In summary here, you can do what you want but the protection of your pictures is weak and tending towards zero.

However…if you want to make things somewhat harder, you could get a little more technical.

You could encrypt the images using the unique code you plan to give out as the unique encryption passcode for each image - all clientside.

You could then change your form to be a two field form. 1 field would take a unique identifier that can be mapped (as described previously) to the encrypted image files or (base64 encoded data). the 2nd field would take the symmetric passcode used to encrypt the image which would be used this time to decrypt it.

Submitting the form would return the decrypted image to the visitor.

The length of the passcode would need to be a decent length of random bits in order to actually give any hugely worthwhile protection, but, I would think that 8 bytes or so would hold an attacker back for at least a few minutes which is probably enough for your use case.

Have a look at crypto-js and/or Forge for the practicalities of the encryption.

If anyone is interested in this concept more generally, drop me a line.

h2h

Saul

This is really more about image management than site generation, but if you just want hard-to-guess URLs, generate a bunch of random file names using something like random.org, print out a page containing a blank for the student name, the random string (ex: b5t0v), and a third column that says "your picture will be example.com/event/b5t0v.jpg"; fill in the name, then tear off the third column and hand it out. Just make sure that indexing is off on your web server so people can’t list the entire contents of example.com/event/. Choose a string length you’re comfortable with, and print with a font that makes “l1”, “0O”, etc look distinct.

I used to do this sort of thing when I was the photographer for an autograph show, except that I used the random string as a directory name containing multiple pictures of the guest.

-j

@jgreely you’re right - the issue is more about image management, however, tackling problems like these is always interesting as it forces some imaginative solution creation to be able to push things to the front end.

Obscuring the files and directory structure is always a good shout and the three column proposal is great and should work albeit with a slightly more cumbersome user experience.

To keep the originally planned user experience with a form with a single field and a single code to be handed out, you could do this:

1. Ensure that directory listing is disabled with your host

2. Generate some random codes (the more files you have and the more obscurity your assets need, the longer the codes you should generate).

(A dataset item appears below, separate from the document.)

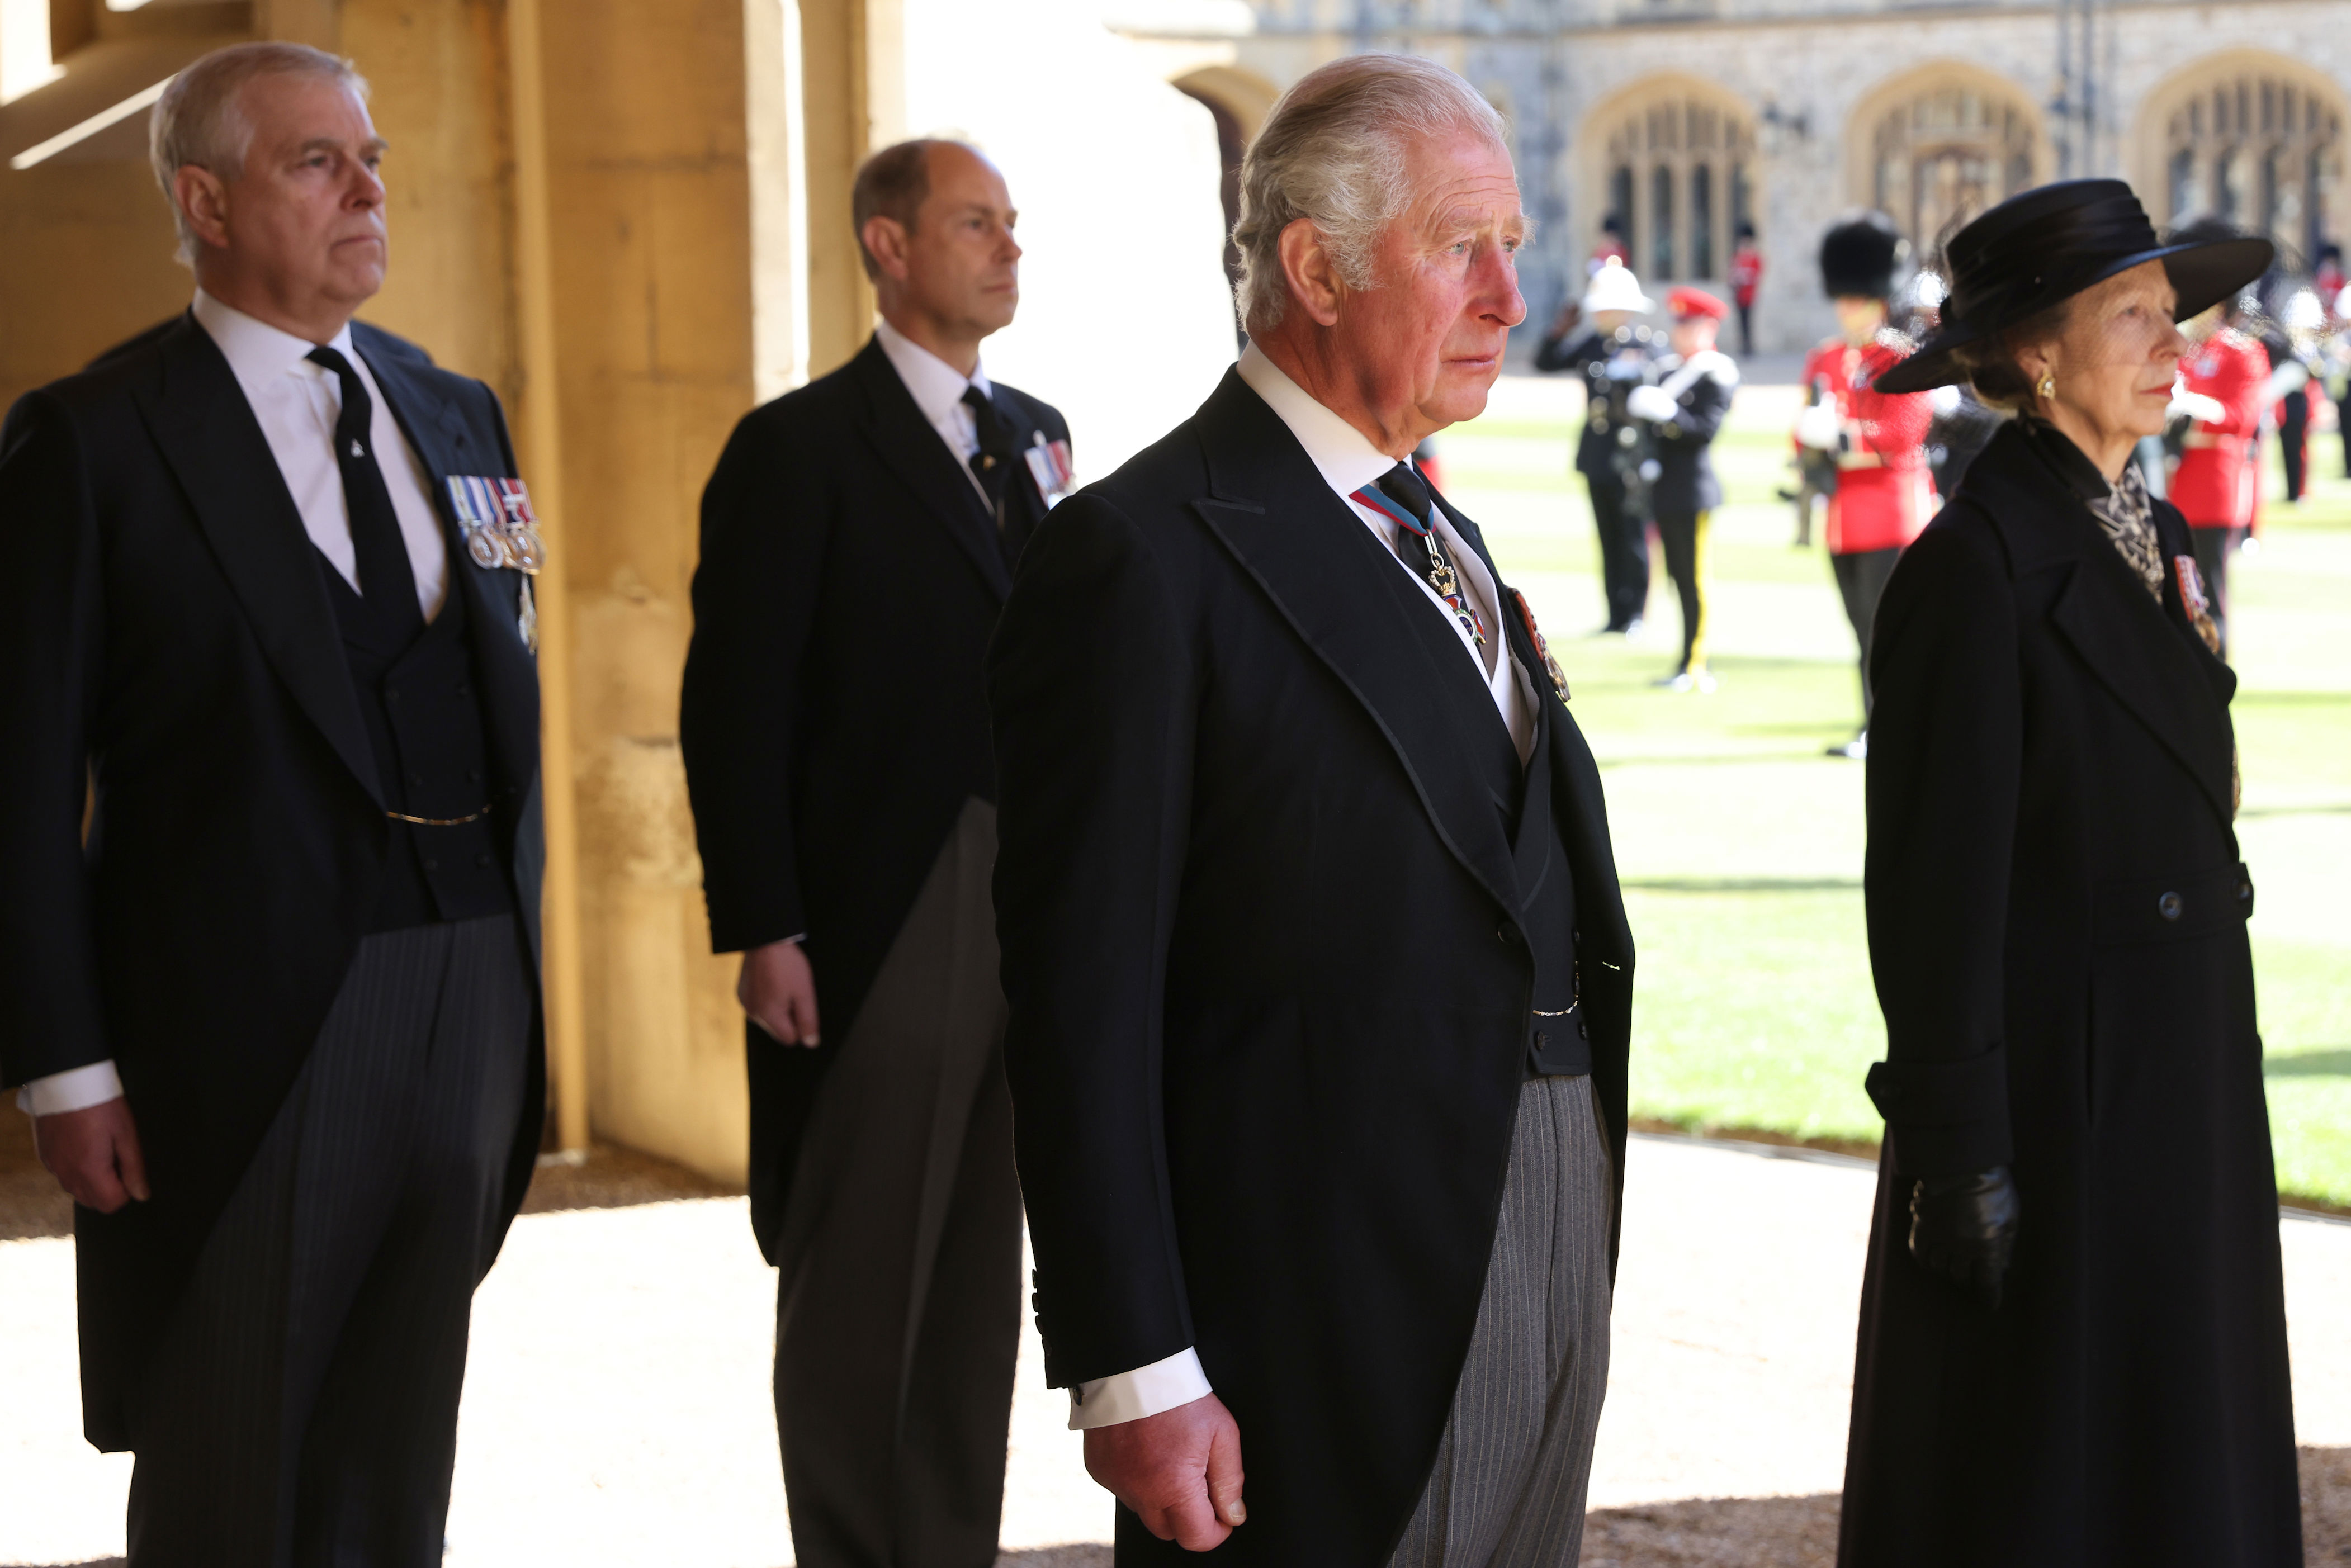 <p>Prince Philip's four children -- Prince Andrew, Duke of York; Prince Edward, Earl of Wessex; Prince Charles, Prince of Wales (now King Charles III); and Princess Anne, the Princess Royal -- are seen right before they began to walk in their father's funeral procession at Windsor Castle on April 17, 2021.</p>

For this example, say 8bits. e.g. “abcdefg”.

3. Add picture assets to your project, naming them by taking a code generated in step 2, splitting it in two and appending half to a randomly generated string as suggested by @jgreely. e.g. “abcd-tuvwxyz.jpg”

4. Create a simple key-value data structure using HUGO’s Data Templates. The key should be the other half of the code generated in step 2 and the value should be the randomly generated string generated in step 3 and will look something like this in json:
   {"defg":"tuvwxyz.jpg"}
   If anyone looks in the source code of your site, they can only find this key value store but they cannot build the full link to the pictures from it.

5. Build the form as you described @Koen_van_Besien. When the code is entered, split it in two with js and use the second half (or first if you did it the other way around) to look for a match in your data structure. e.g. I enter “abcdefg” in the form and a lookup is performed with “defg”.

6. If a match is found in step 5, use the other half of the code entered to create the URI to the image with the value from the data object. In the example, you end up with the name created in step 3 abcd-tuvwxyz.jpg which you can use to fetch the image.

In this way, you get the UX you wanted with some degree of obscurity.

Be sure to use at least alphanumerics when generating your code as it will dramatically increase the complexity. In this example, the “private” 4byte alphanumeric string will have just under 1.7million permutations which an attacker would need to guess. A 5byte alphanumeric will have just over 60 million permutations (requiring your code to be 10 chars long). All of this is relatively trivial to someone who really wants to get at your images but it would likely put most people off!

h2h

Saul

I don’t see a practical difference. The photographer needs to know every student/code pair in order to build the site, and each student needs to know their code and the site URL. No matter how you implement the web front-end, the information required is the same for all parties.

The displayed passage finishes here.